Thursday, December 1, 2011

The Gifts of God (an Advent devotional by an orthodox rebel)

"Behold, I do a new thing...." Isaiah 43:19

Existence is paradoxically simple and bewildering. It is mundane and it overwhelms. Like that strange little game with the black and white discs: minutes to learn but a lifetime to master. Mere existence takes only seconds to admit (if we are sane) but an apparent eternity to comprehend (again, if we are sane). Whenever we walk through it and amongst it, its presence is so commonplace that it becomes transparent. Whenever we pause and look upon it and think on it, its presence is so odd and its meaning so incomprehensible that it becomes equal parts beatific and monstrous. Ever tree is both a flowering wonder and a demon with a thousand bursting hands, shedding flakes of green blood and other fantastic colors. Even the size of the universe that we know of (and we know very little) overcomes us. The seemingly infinite expanse overhead is as wide and rolling as an open plain and as dark and gaping as an open maw. We shudder and we wonder, and then we try not to think about it.

Those who try to think about it hardly do better. Their quaint explanations run hollow, and only satisfy us in those deathly moments when the world is transparent rather than monstrous. Even we, as Christians, do no better. In the face of the universe, we spit the phrase "God did it," as though that solved the puzzle or ended the mystery. Only in the church pews, those deadest of the dead moments, can such a glib statement stick. Step out of the dusty church hall back into the wilderness wonderland outside, however, and that insubstantial thought drains from your soul like color from your face. It is not good enough to simply say, "God did it," for it does not answer the ultimate question of "Why?"

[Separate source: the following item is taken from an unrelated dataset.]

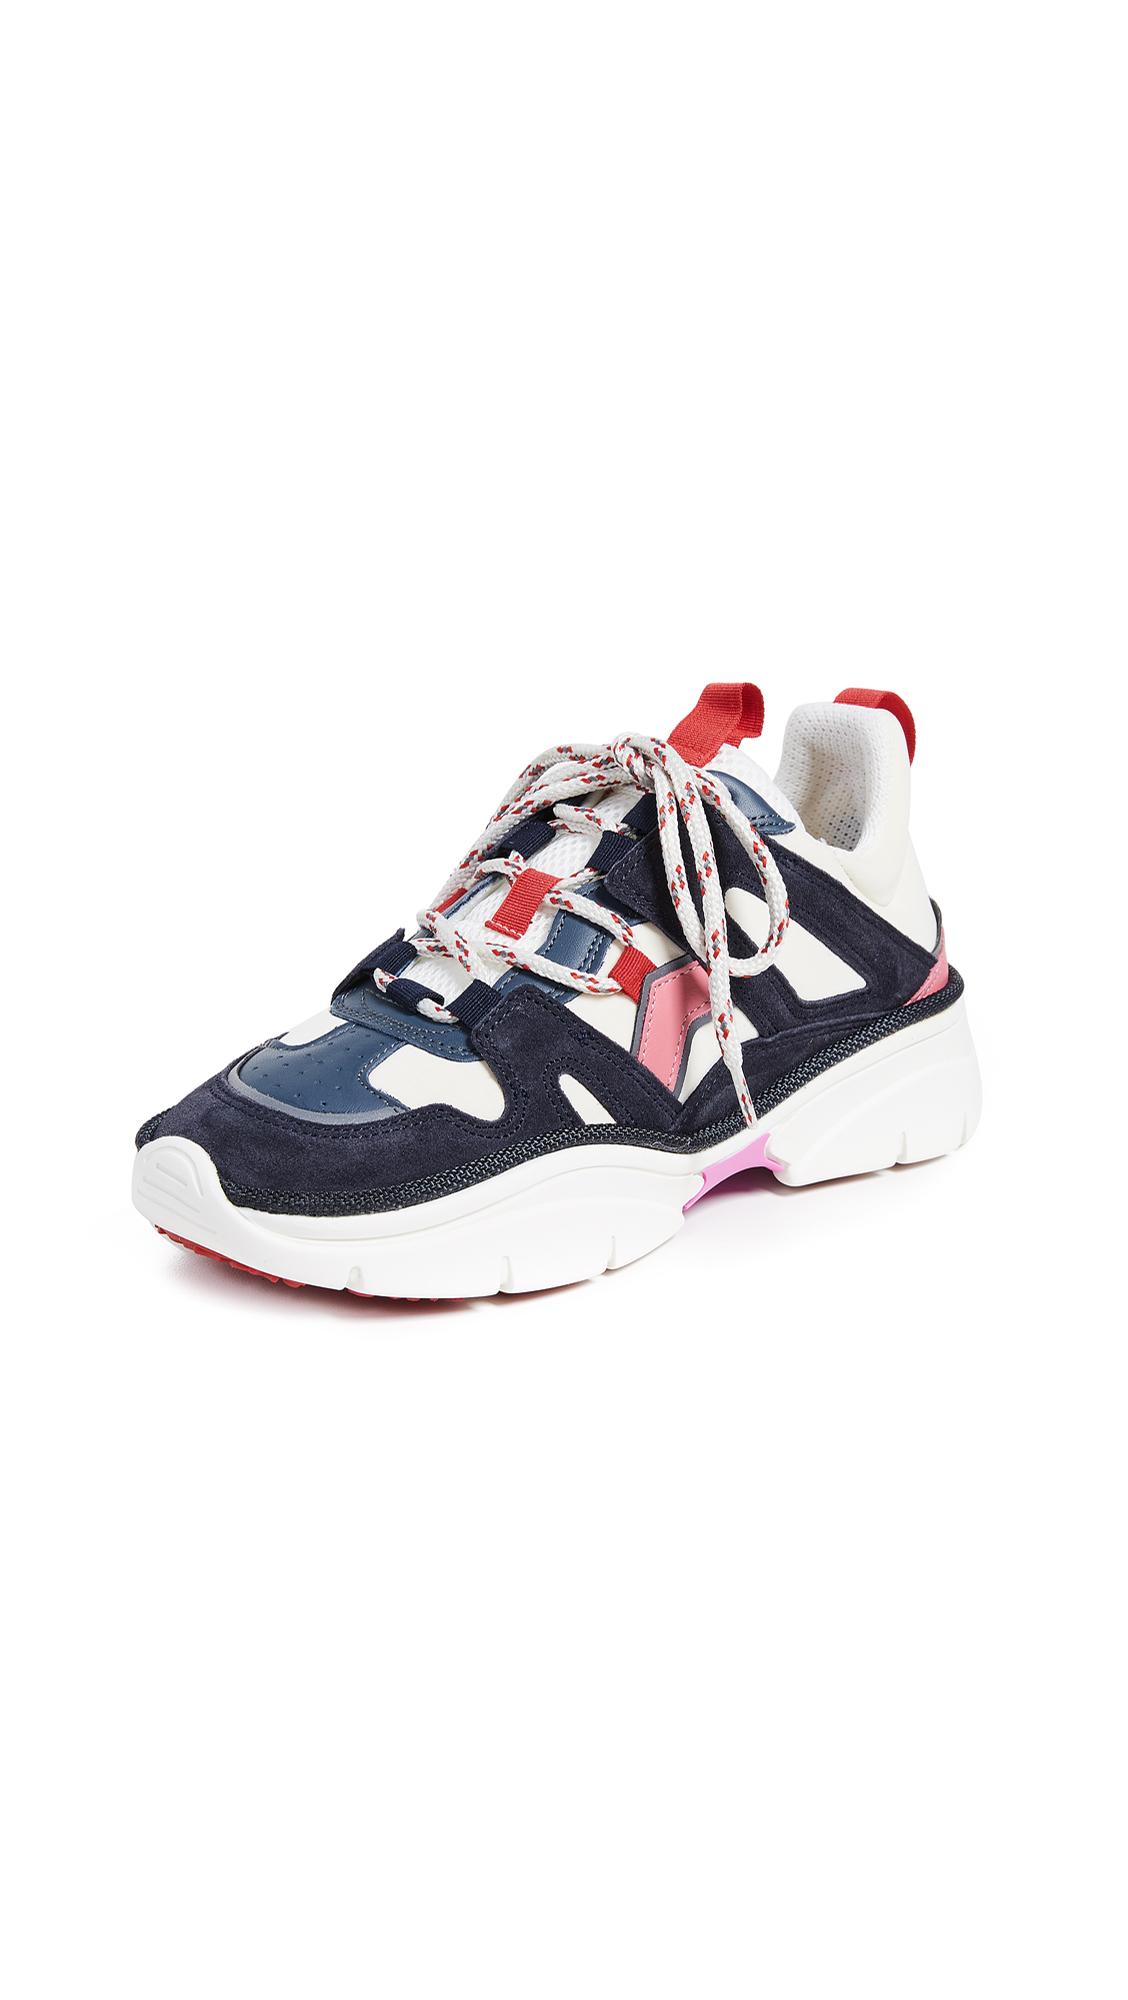 Isabel Marant Kindsay Sneakers - Ecru Blue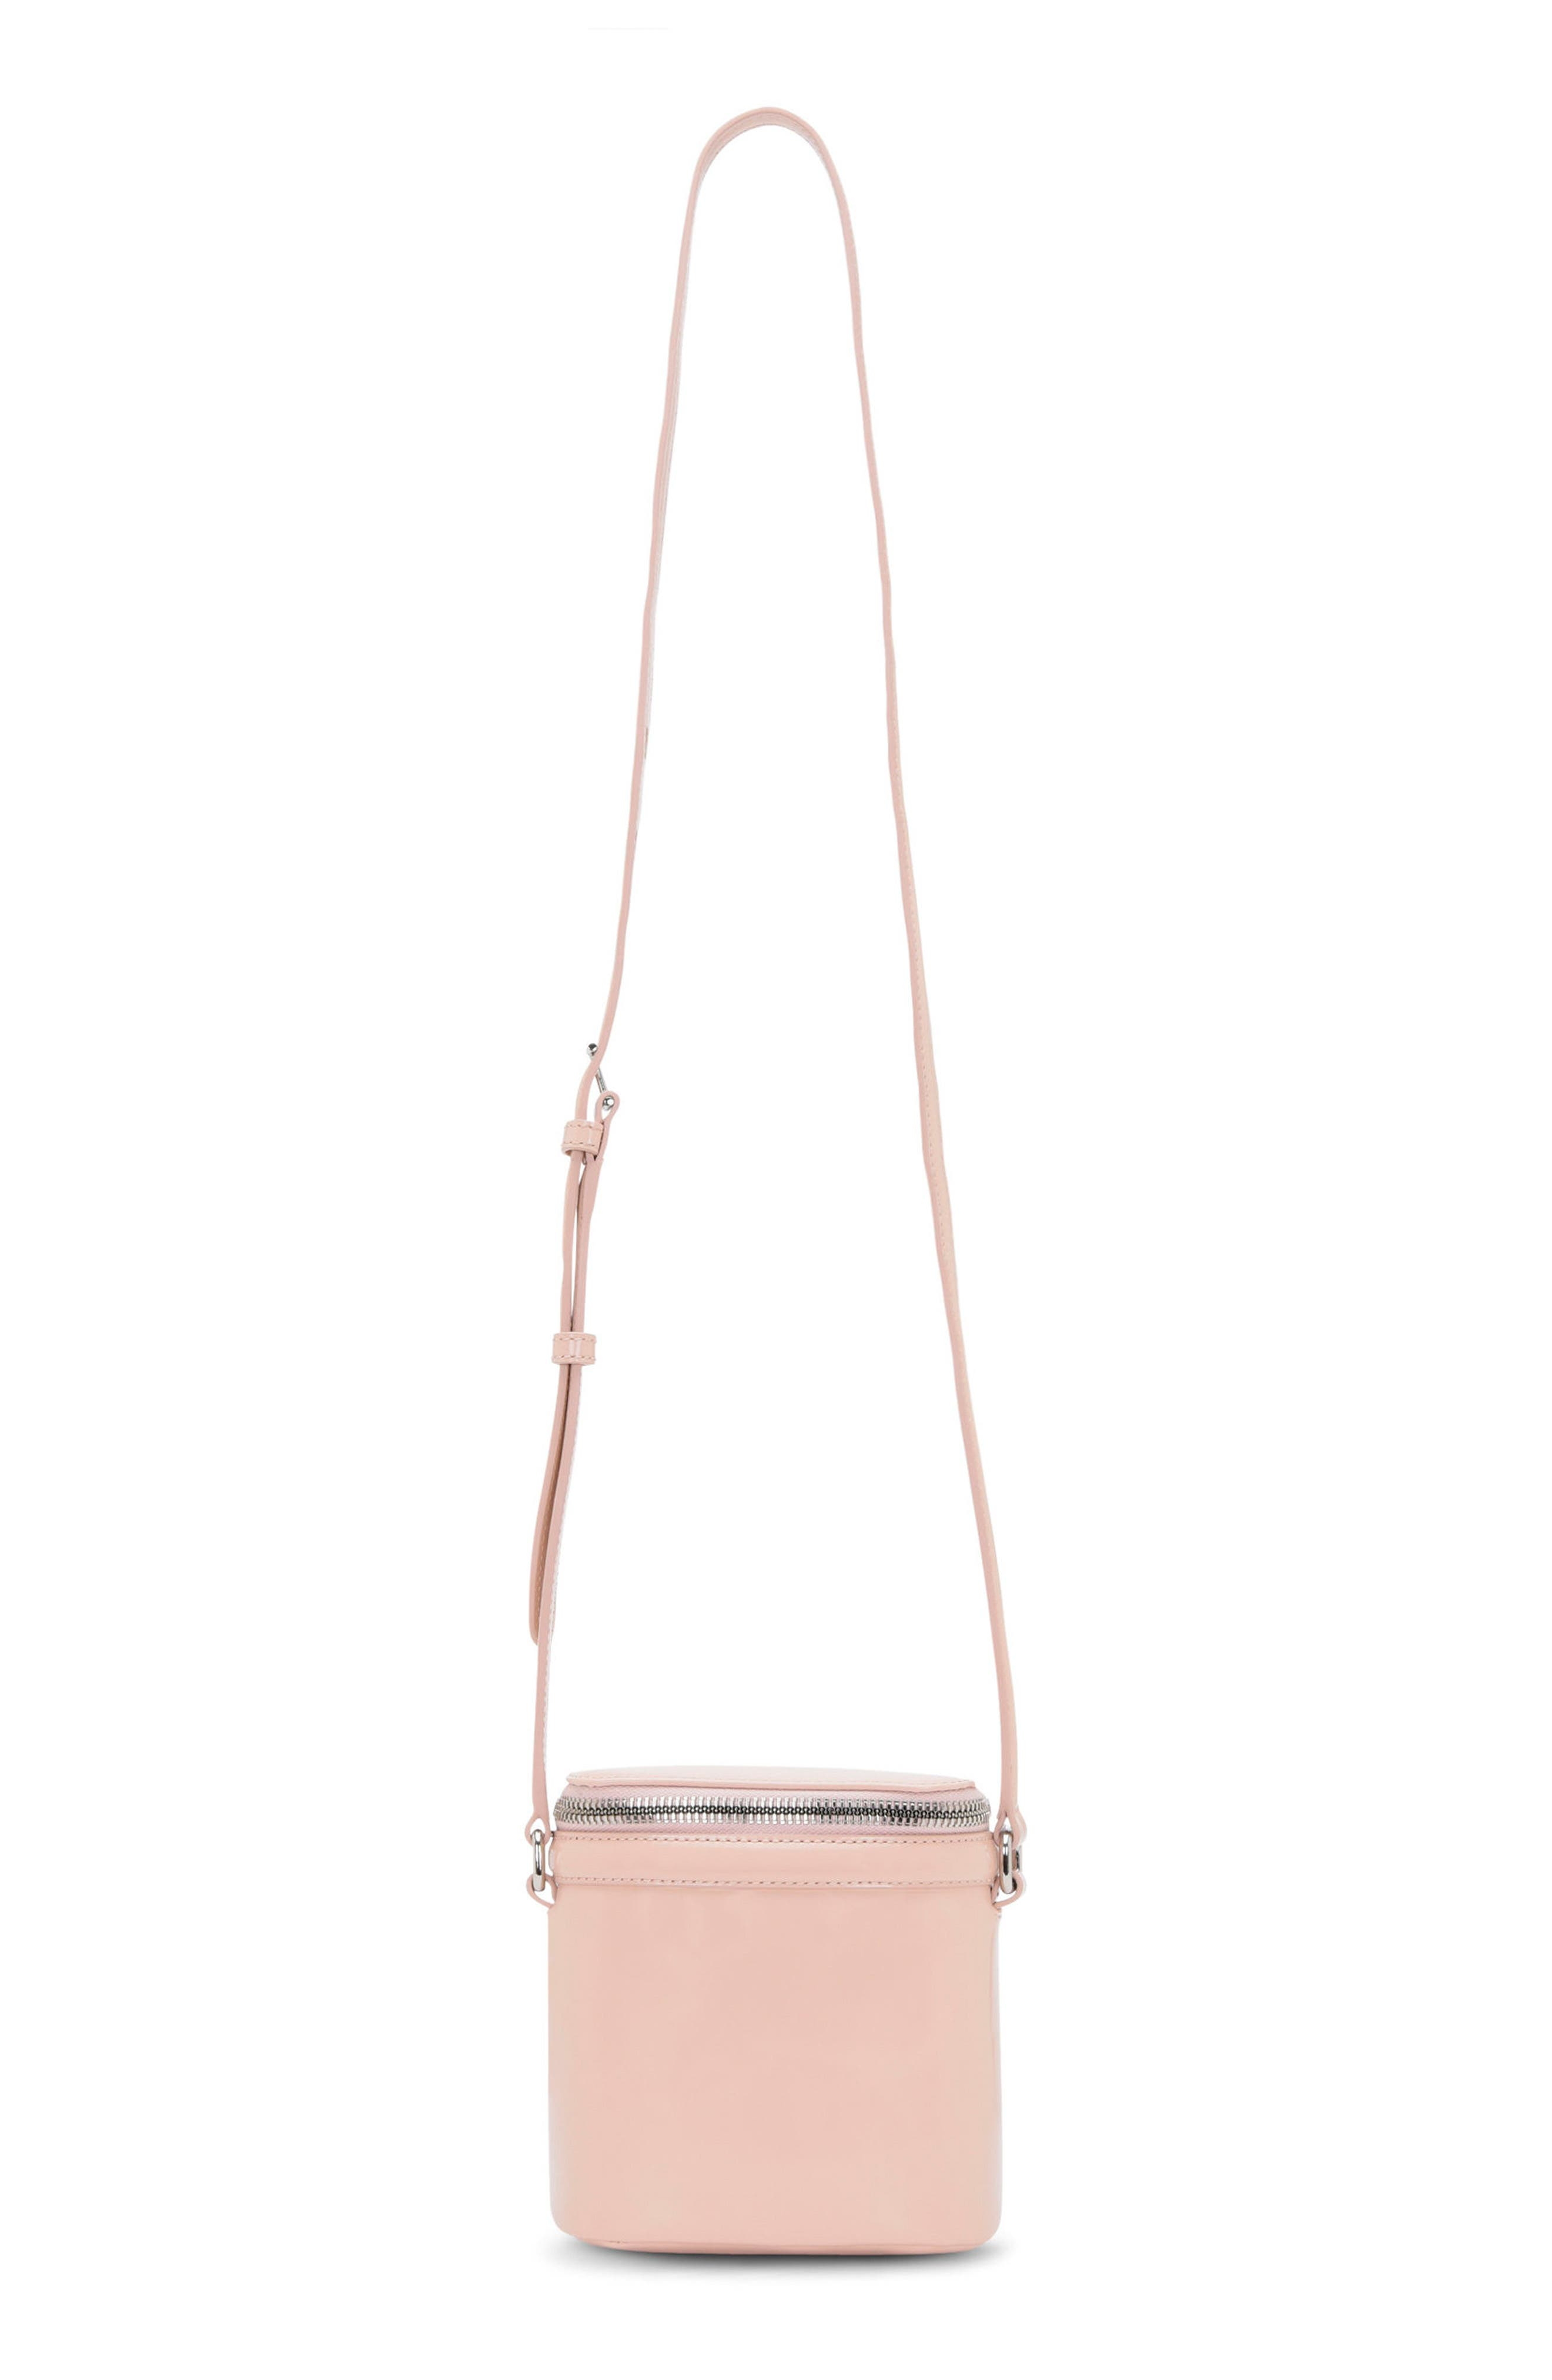 KARA Stowaway Leather Crossbody Bag

God is perfect, which means that he is complete or whole. He lacks nothing and needs nothing; if He didn't, then He wouldn't be God. Whence comes creation, then? It cannot be for Himself. There are some bizarre (though sincere) notions that creation is God's way of "completing" Himself, that each soul's experiences will fill up what is lacking in the Godhead. It sounds quite charming, and perhaps even lovely; but it is in error, for the Godhead cannot "lack" and still be the Godhead. So we are still left with the question of why: why did God make all of this stuff anyway?

Some would say that he made it for us, but that does not solve anything either. It is a matter of biblical authority and Christian orthodoxy that the earth and its fullness are the Lord's. All glory belongs to Him. Nothing in creation is "for" us in an ultimate sense; the heaven's declare His glory, no matter how beautiful they shine on us. Furthermore, even if it was "for" us, that still does not solve the problem, for why then did God make a creation that needed creation? What was the purpose of making needy beings? The neediness itself becomes one more facet to the "stuff" of existence, and so we are back to square one.

Herein are the two facts: God needs nothing, yet everything is for Him and His glory. What then, are we to make of this? I am no theologian, and am at best only an "arm-chair" philosopher, but I would posit this: it seems to me that existence is fundamentally arbitrary, i.e., it is there, but there is no reason why it should be here. It just is. Even though it gives glory to God, He does not need glory anymore than He needs creation. The whole thing is ultimately superfluous; yet there is a unique beauty to its superfluousness that is found in this fact: for God, superfluous does not equal meaningless. There is a reason to this random rhyme, and we have a name for something that is completely unnecessary and yet full to bursting with sweet meaning. It is called a gift.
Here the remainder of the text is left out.